Microsoft Zero and DeepSpeed: Memory Efficient Large Neural Network Training

skwb · on Feb 10, 2020

I work in deep learning for 3D imaging, and memory has constantly been the primary bottleneck for our group. U-net for example tends to be fairly "chonky", and isn't really super great in terms of parameter efficiency (but it is nice when you need an out of the box network that just "works"...).
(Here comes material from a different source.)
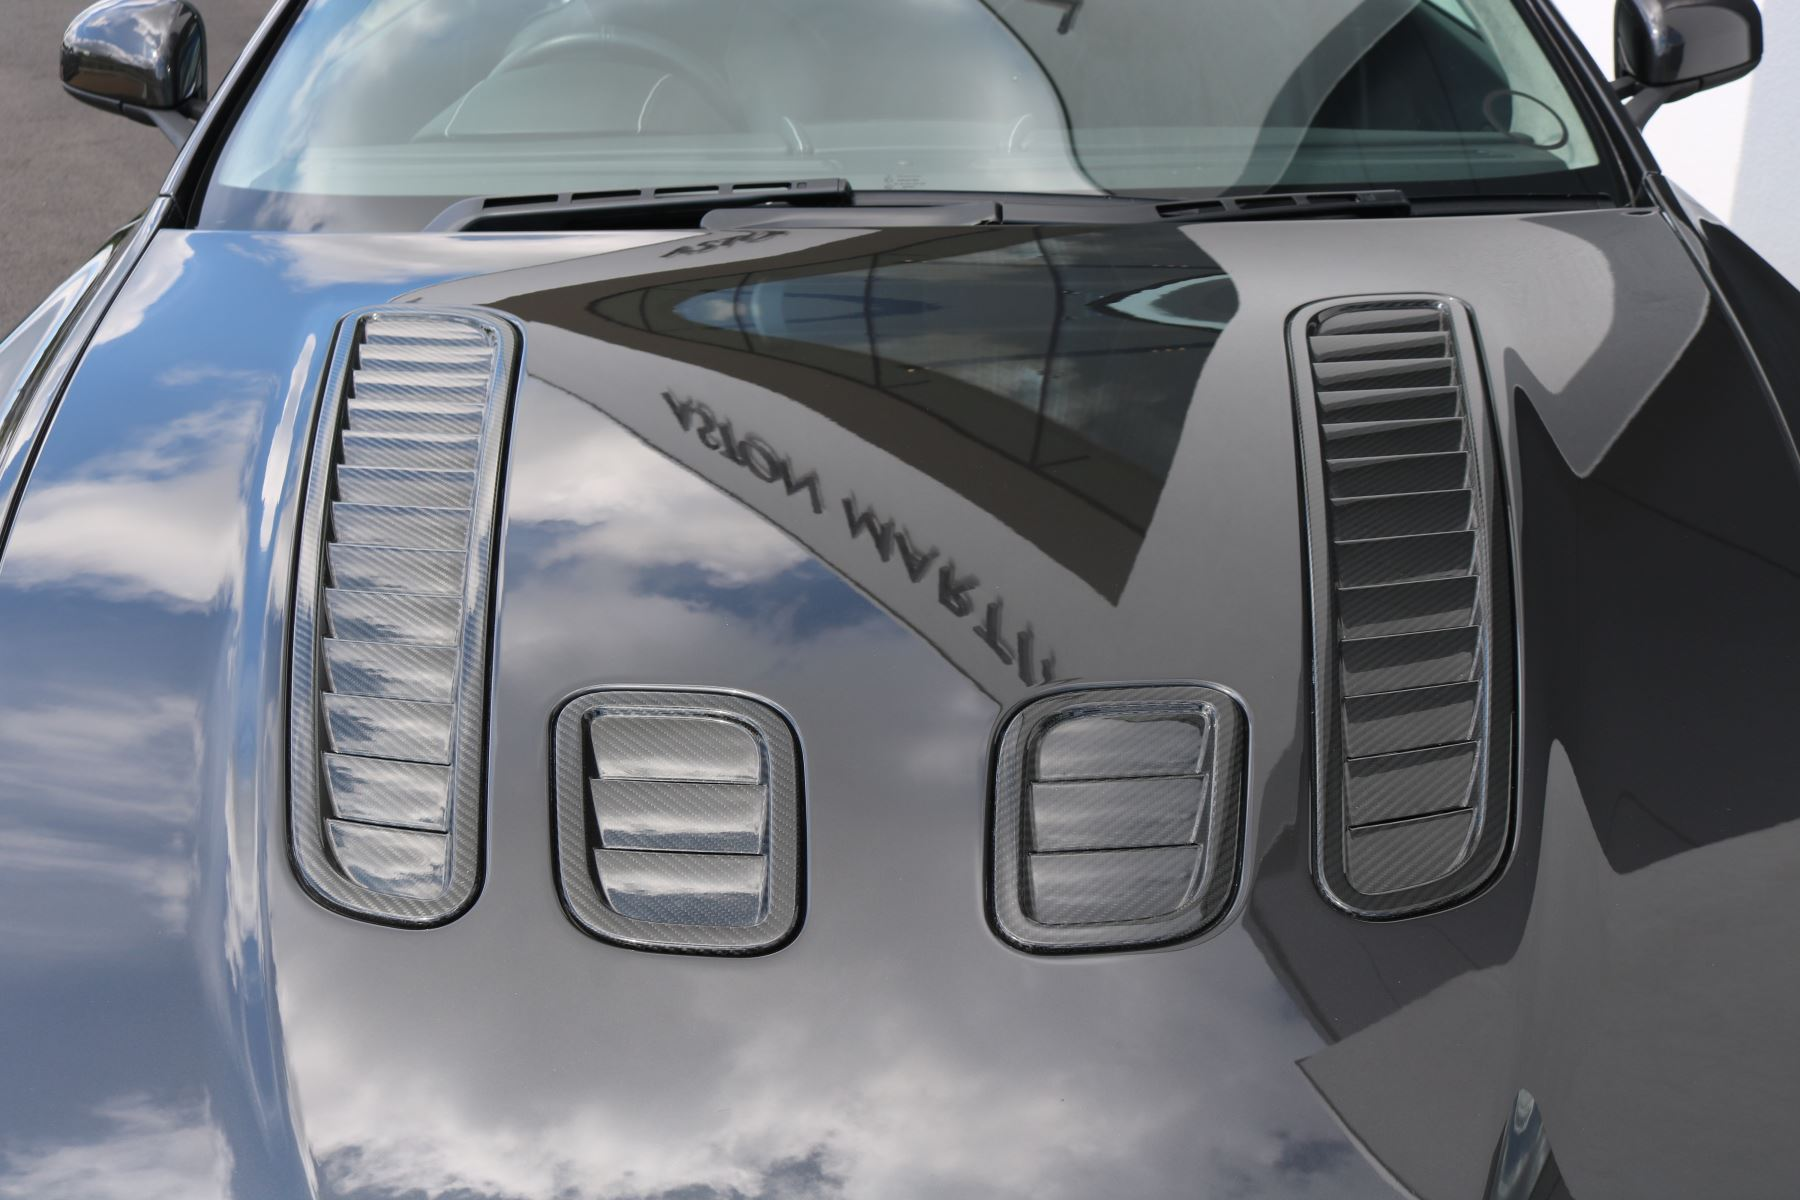 Aston Martin V12 Vantage 2dr image 11

This has led medical imaging to use a lot of "patching" and other sliding window sort of techniques to help get over this burden.

I tend to think that a lot of this is due to Facebook/Google/Etc being more interested in 2D picture images, and hasn't really put a ton of effort into developing approaches that are exponentially harder in terms of parameters. While I don't think I can comment on if parallelism is the future to solve (vs. single massive GPU memory chips vs. more efficient NN design vs. data compression techniques), I think this is where a lot of the bleeding technical edge will come from.
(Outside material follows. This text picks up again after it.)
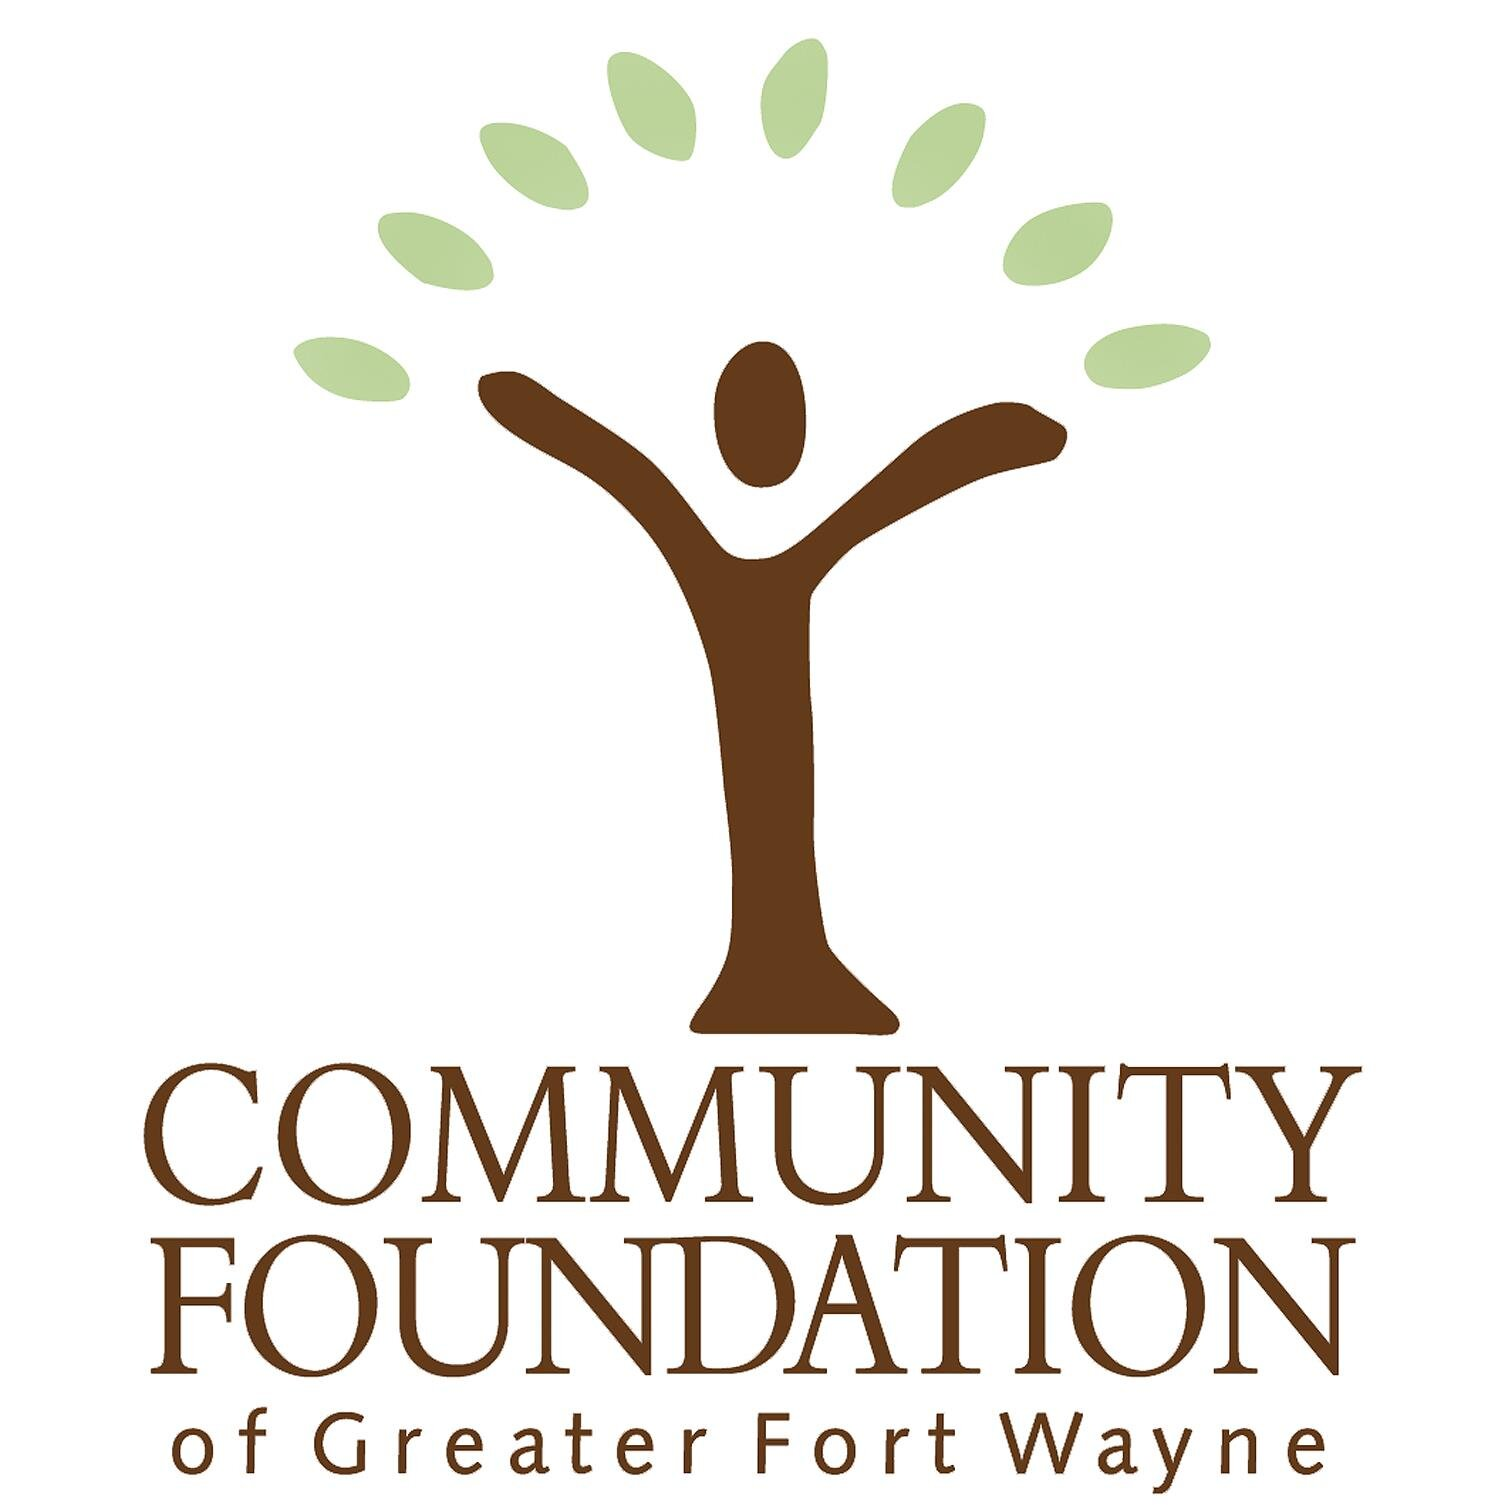 Community Foundation of Greater Fort Wayne

andbberger · on Feb 10, 2020

I love to hate on U-net. It works but it's just so inelegant. That is not a true convolution and only works for particular 'patch' sizes bothers me to no end.

I am not super up to date with the field, but has anyone caught on to using 'wavenet' like architectures yet? That is, dialated convolutions.

You have to be a little clever to get residual connections to work properly, but it's a true convolution that works for any patch size, is super-parameter efficient, and captures the same multi-scale features U-net was designed for.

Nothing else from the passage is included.